No ‘Seaman’s Manslaughter’ in BP Spill

     NEW ORLEANS (CN) – The 5th Circuit on Wednesday upheld the dismissal of “seaman’s manslaughter” charges against two BP well leaders for their role in the 2010 Deepwater Horizon oil well blowout that killed 11 workers and dumped millions of barrels of crude oil into the Gulf of Mexico.
     A three-judge panel of the 5th Circuit ruled that the federal law does not support the 11 counts of seaman’s manslaughter charges filed against Robert Kaluza and Donald Vidrine in a 2012 23-count felony indictment.
     Wednesday’s decision affirmed a federal judge’s 2013 ruling to drop the 11 charges against the top BP employees at the helm of the rig the day of the deadly explosion.
     “The statue was enacted to address the dangers of travel by steamboat, and it is persons responsible for that travel that should be held liable under the statue,” Judge Patrick Higginbotham wrote for the 3-judge panel. “Defendants were not responsible for the travel of the Deepwater Horizon.”

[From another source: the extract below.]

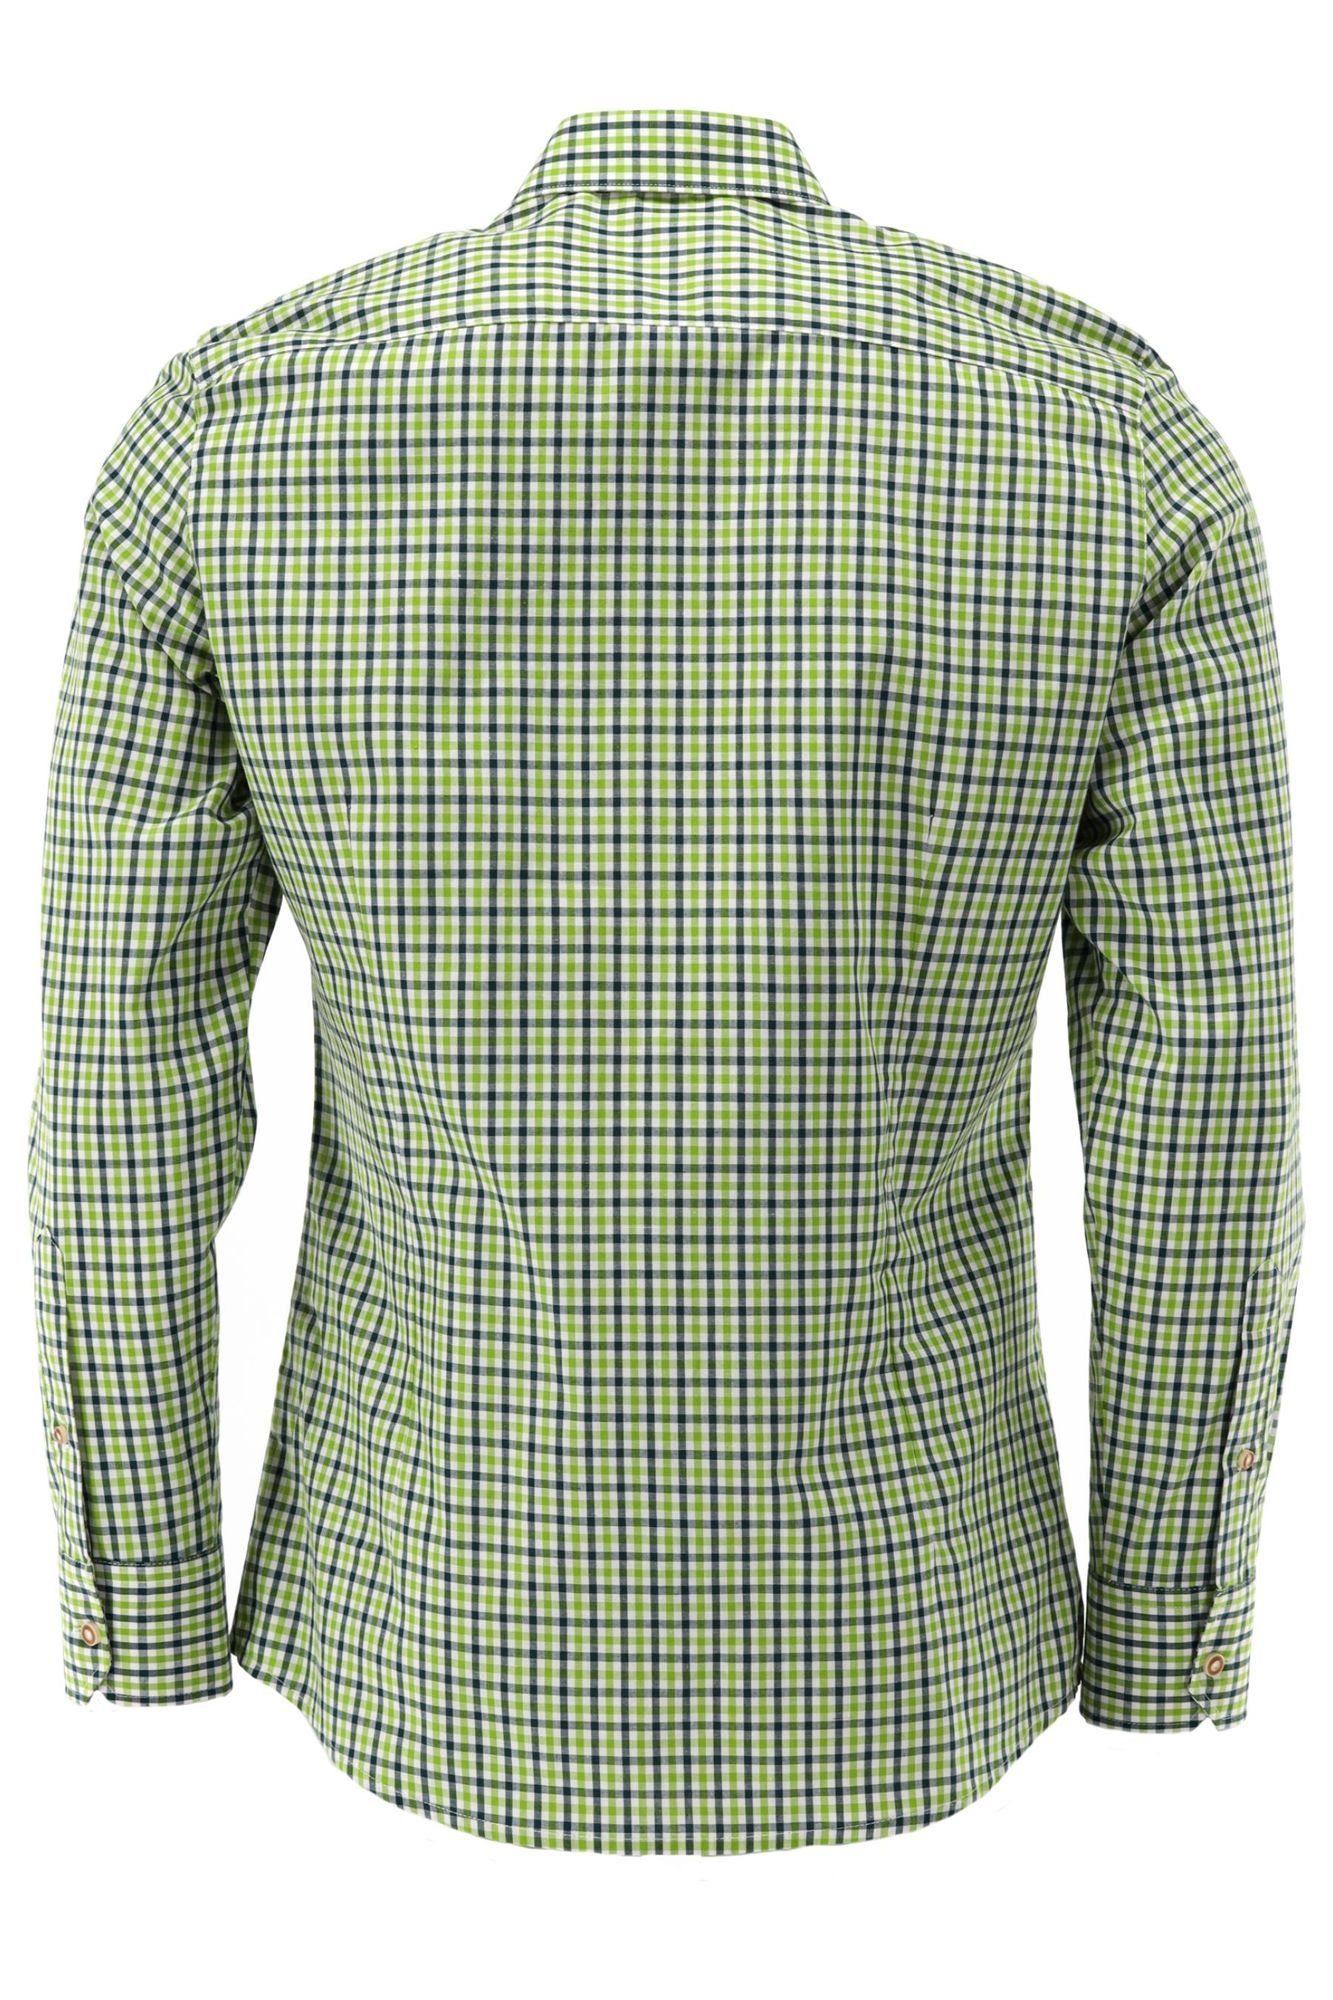 Jagdhemd Outdoorhemd der Brusttasche OS-Trachten giftgrün mit auf Langarm Hirsch-Stickerei Tupopa

     The decision from the New Orleans-based appellate court does not close the door for Kaluza and Vidrine to face trial on 11 counts of involuntary manslaughter and one count of violating the Clean Water Act, which have not been dismissed.
     The indictment alleged the veteran employees, who each have at least 30 years experience in the oil and gas industry, of “negligently or grossly negligently” failing to alert engineers that the well was not secure after they botched tests at the site just before it blew.
     The April 20, 2010 disaster resulted in the deaths and injuries of workers and capsized the rig, severing the riser, and causing oil to spill from the pipe for three months until it was capped in what is considered the worst offshore oil spill in U.S. history.